■ **DATASET SECTION**
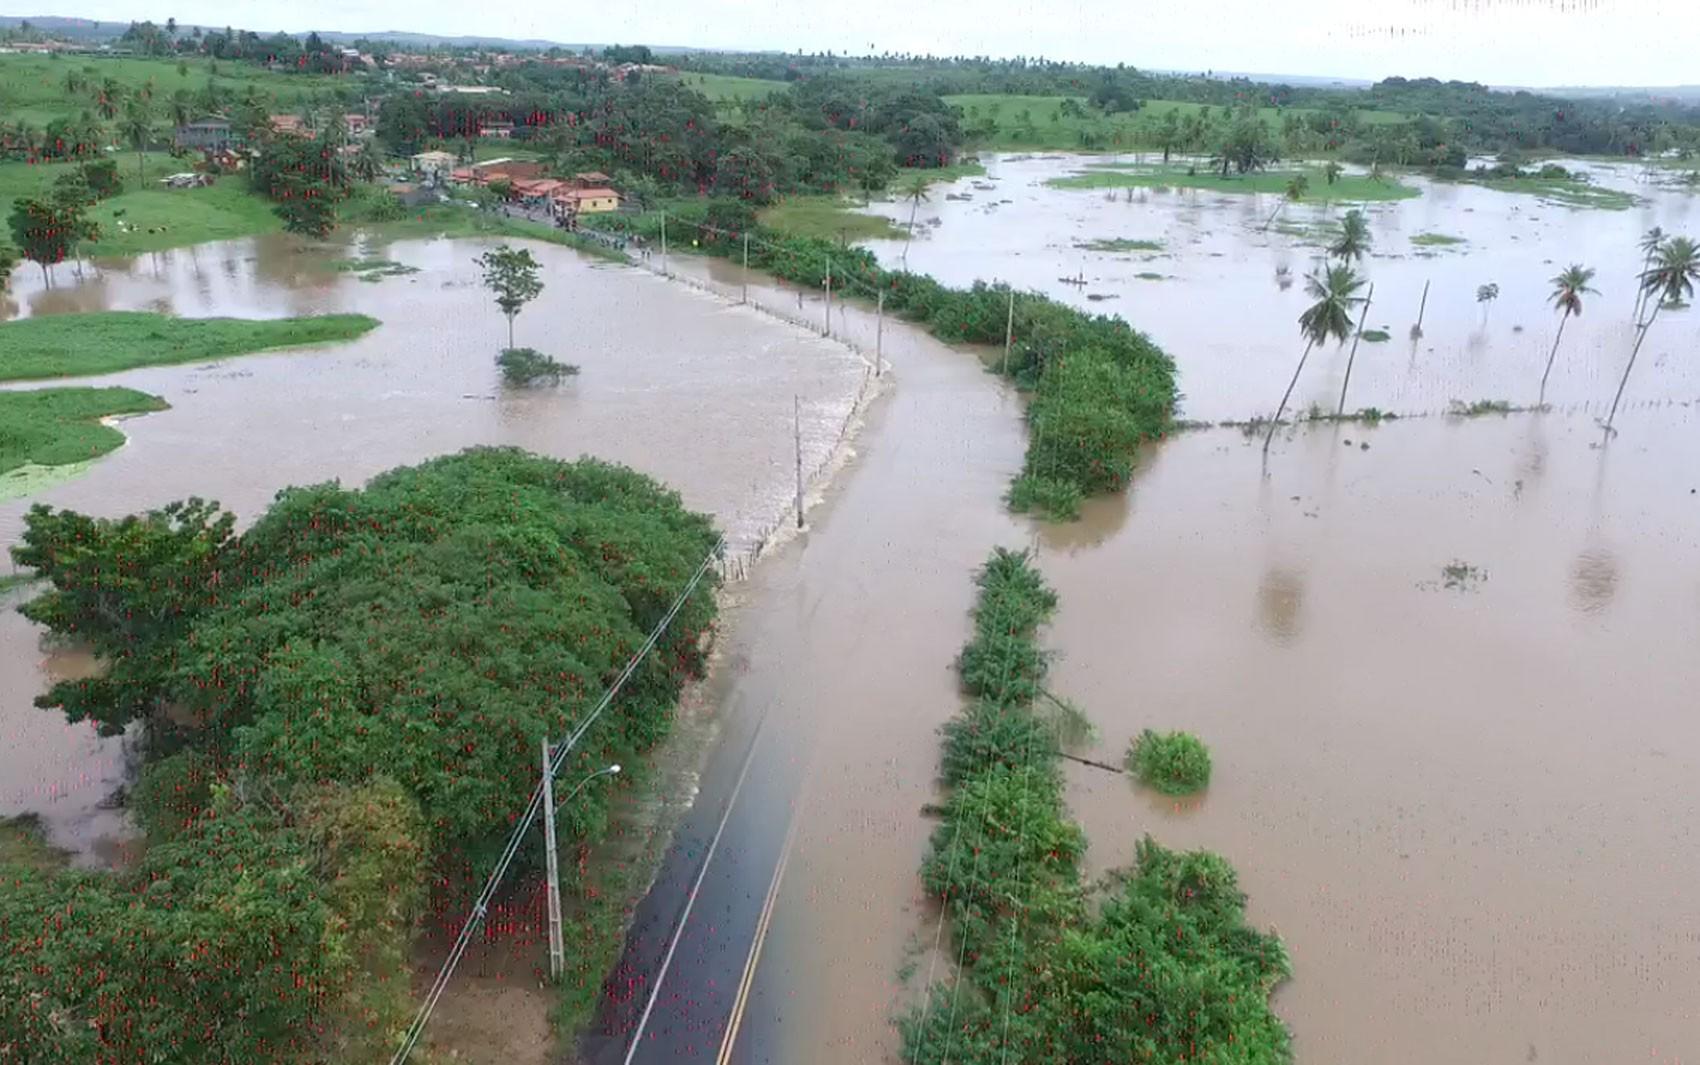 Abastecimento de água é interrompido em comunidades de  Entre Rios e Esplanada por causa de cheia dos rios
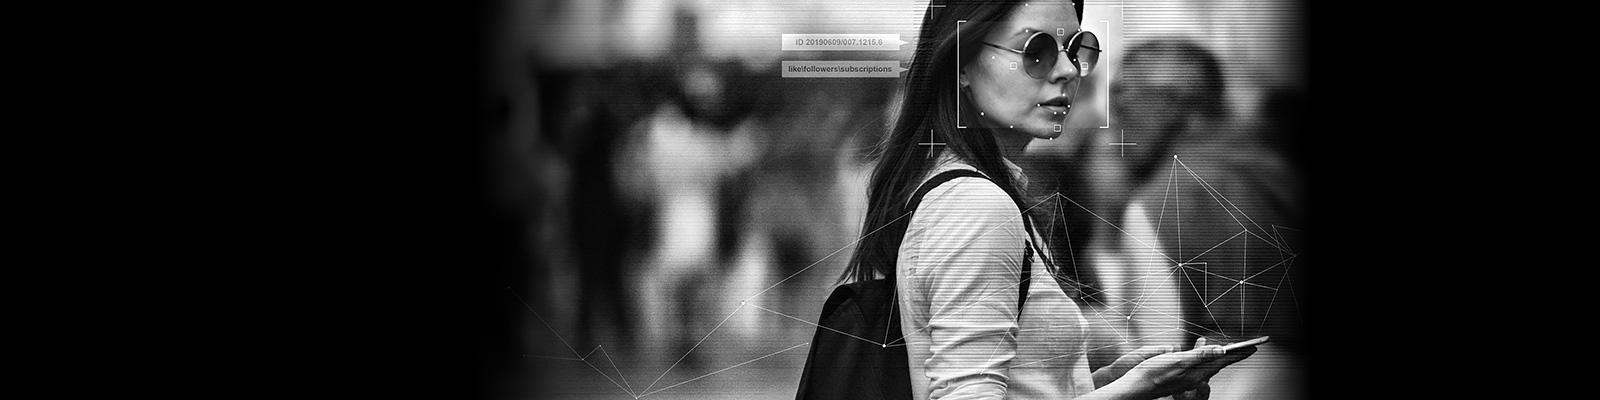 市民 監視 顔認識 イメージ
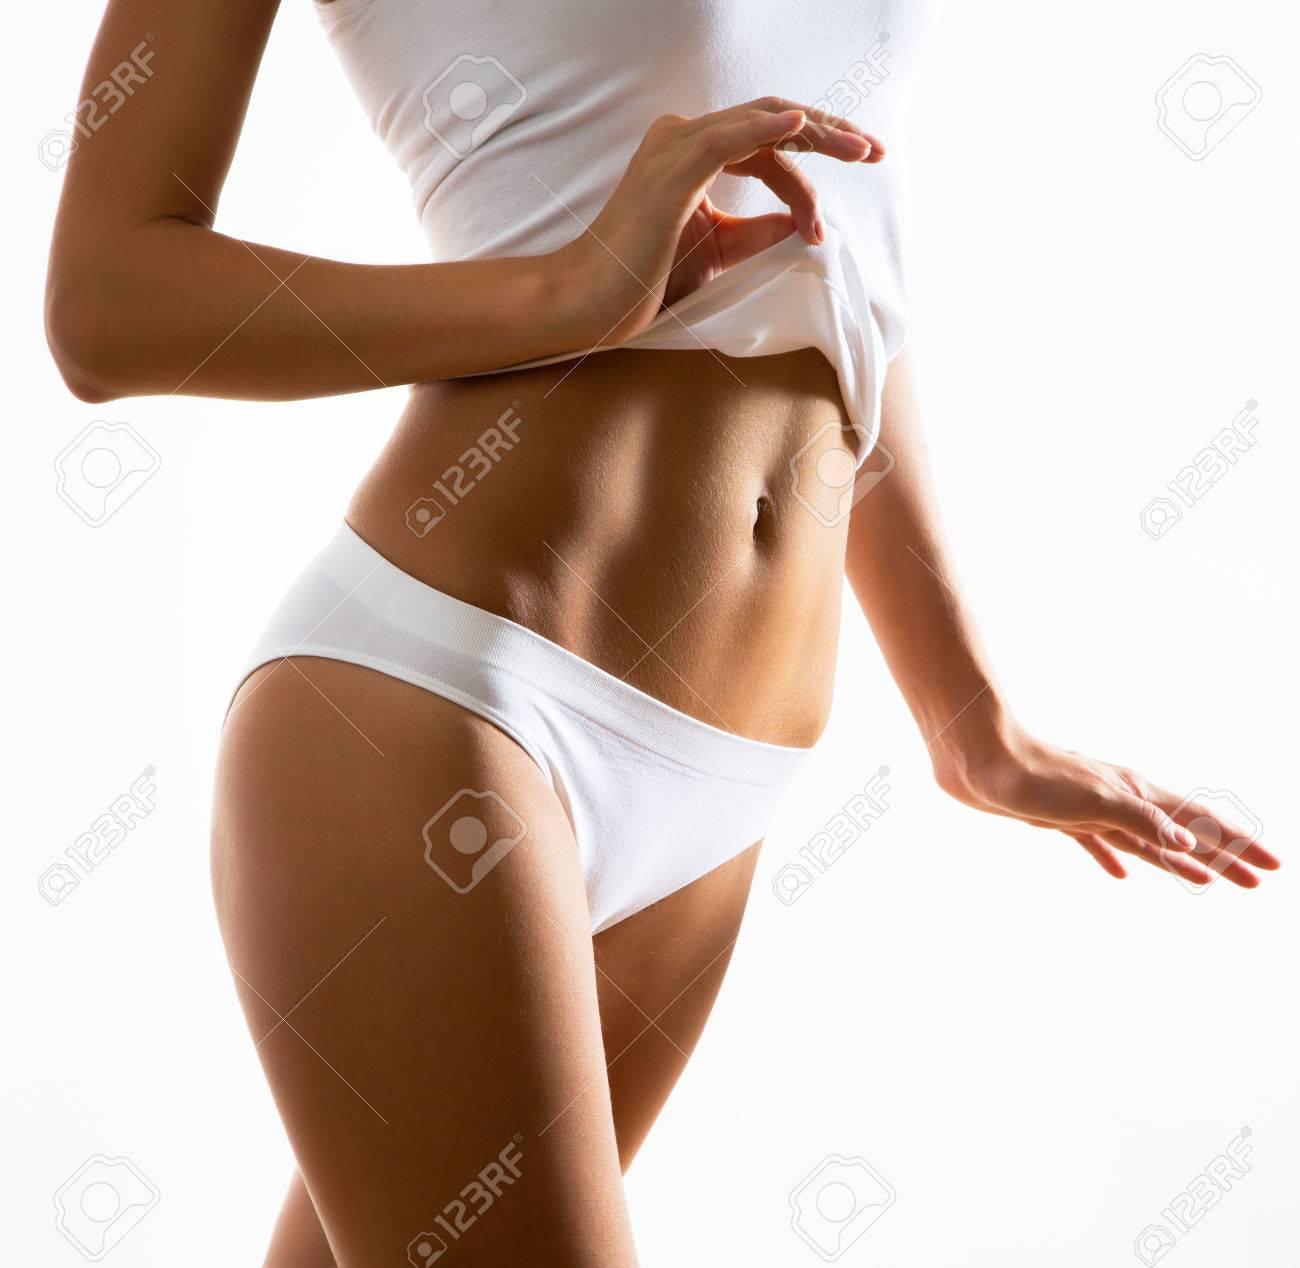 Schöne Frau Mit Perfekten Figur In Der Unterwäsche Lizenzfreie Fotos
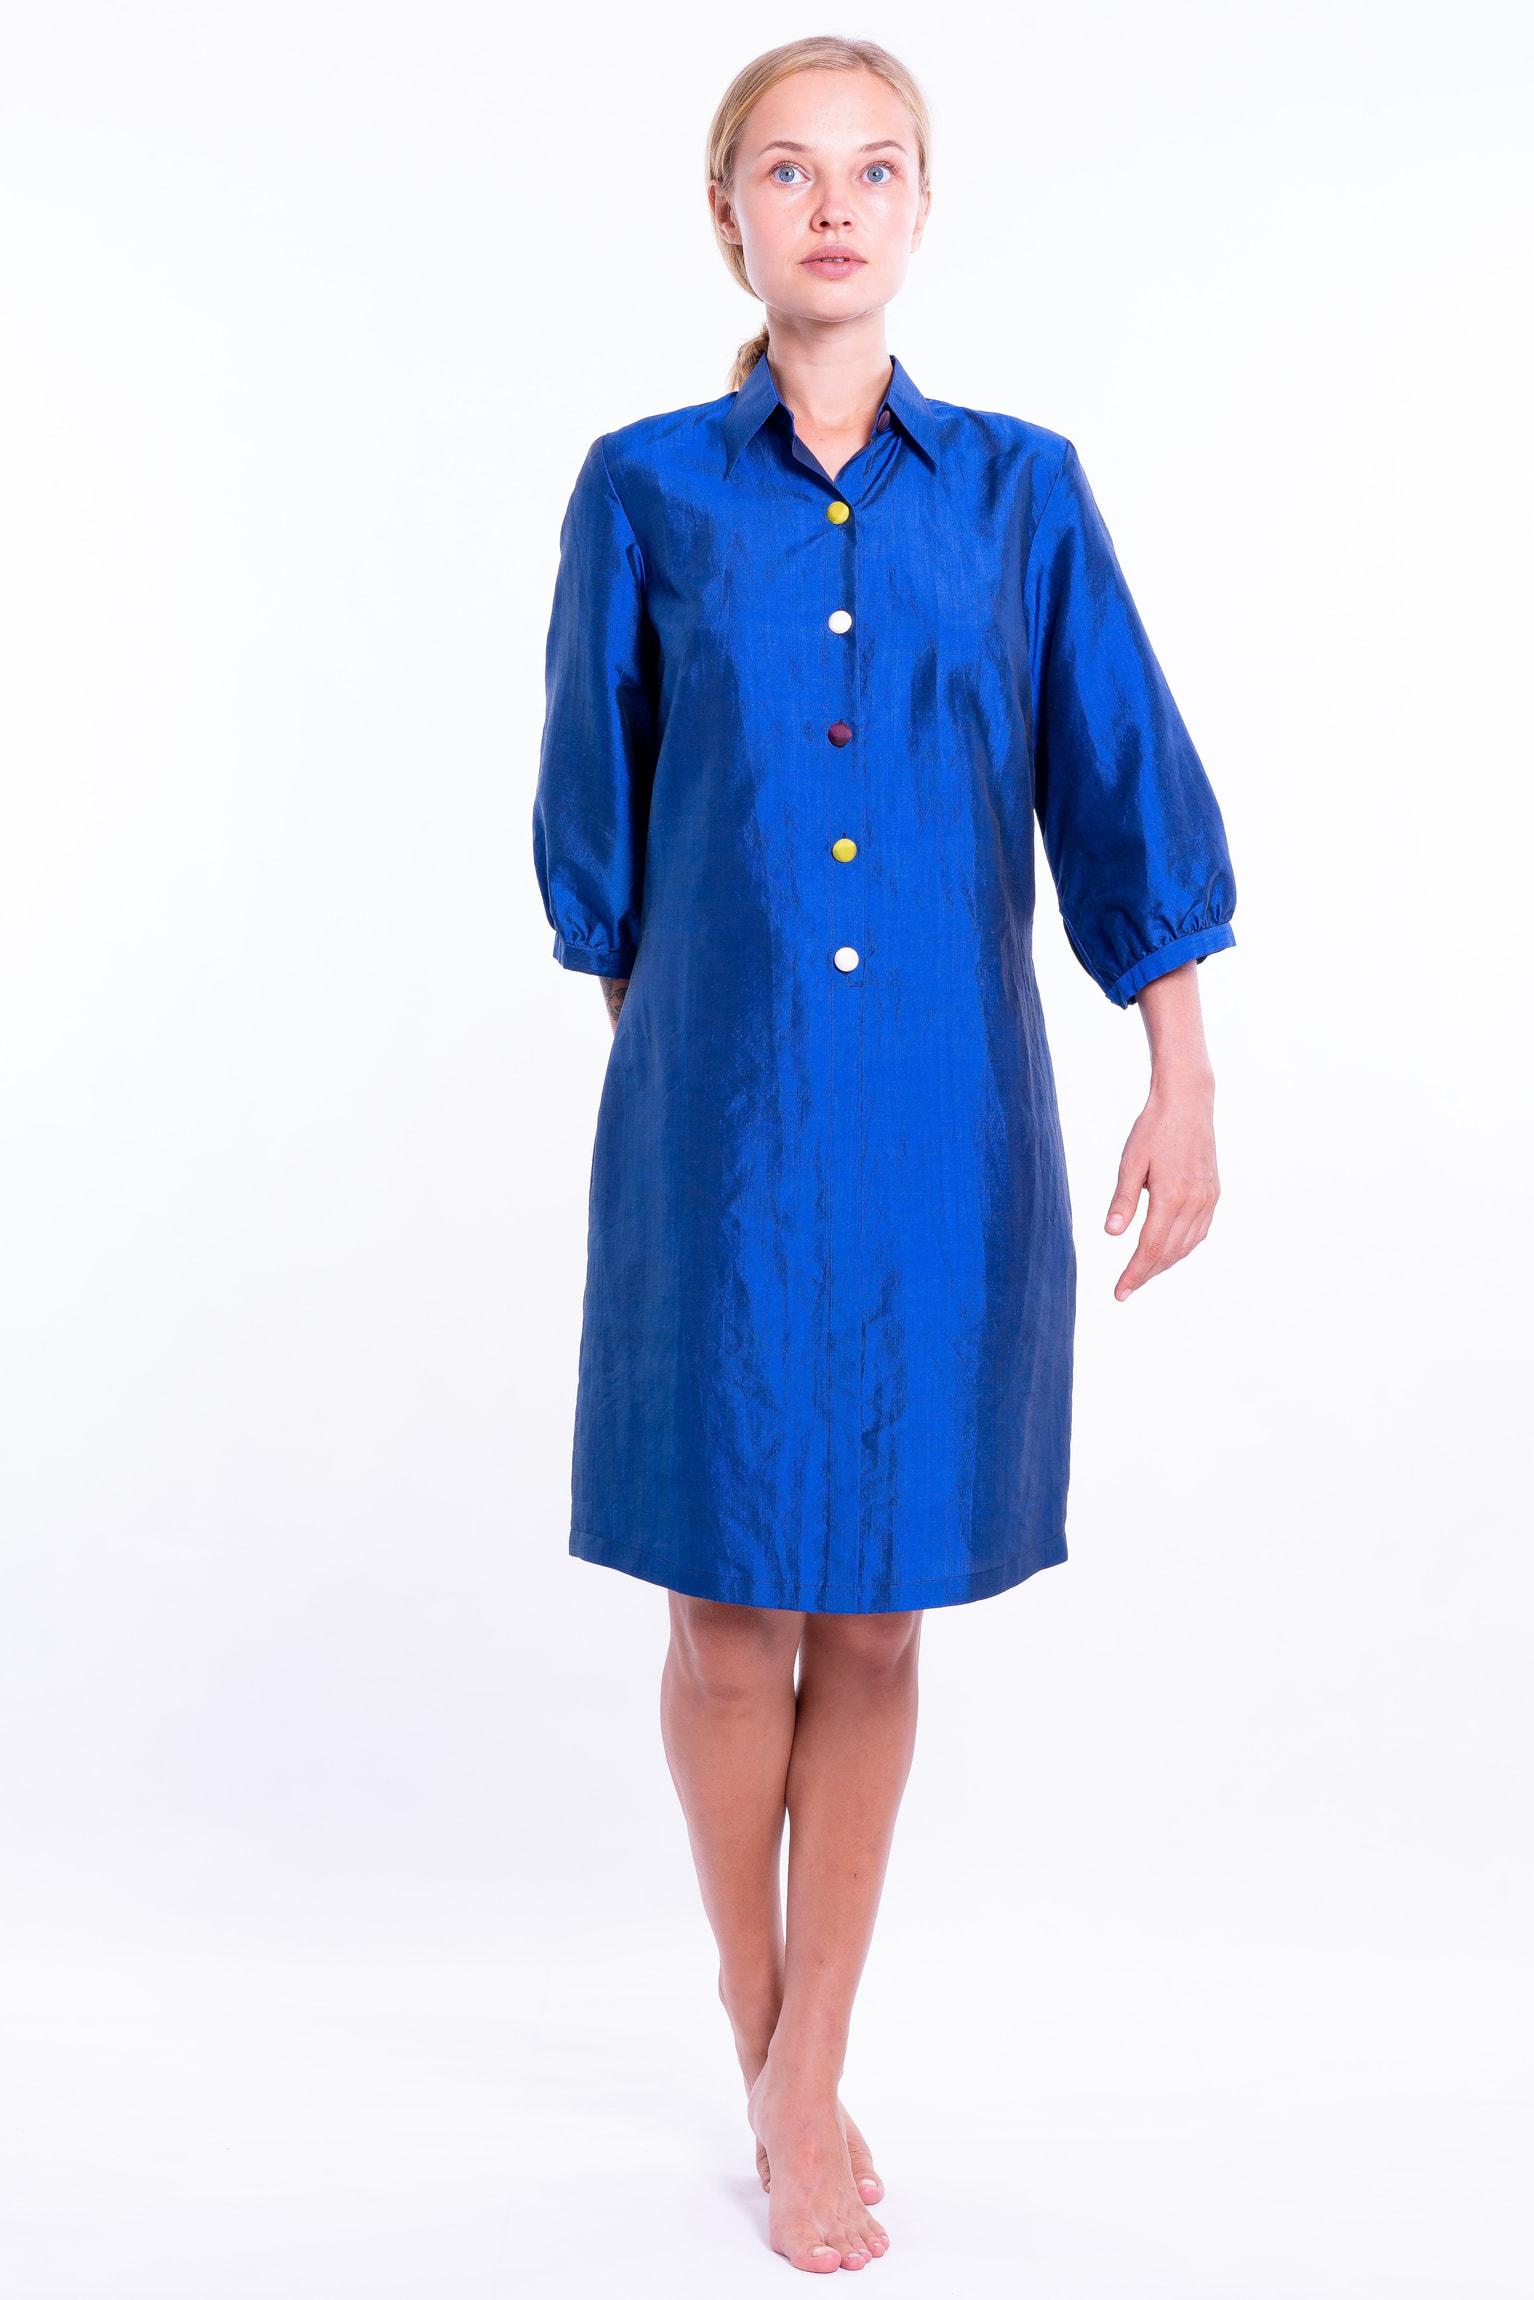 robe bleu lazuli en soie naturelle avec boutons colorés, manches trois-quarts, devant

■ **WHAT THE TASK REQUIRES**
Copy the whole of the material above exactly, but not its images.

■ **ANSWER TO THE EXERCISE**
 Abastecimento de água é interrompido em comunidades de  Entre Rios e Esplanada por causa de cheia dos rios
 市民 監視 顔認識 イメージ
 Schöne Frau Mit Perfekten Figur In Der Unterwäsche Lizenzfreie Fotos
 robe bleu lazuli en soie naturelle avec boutons colorés, manches trois-quarts, devant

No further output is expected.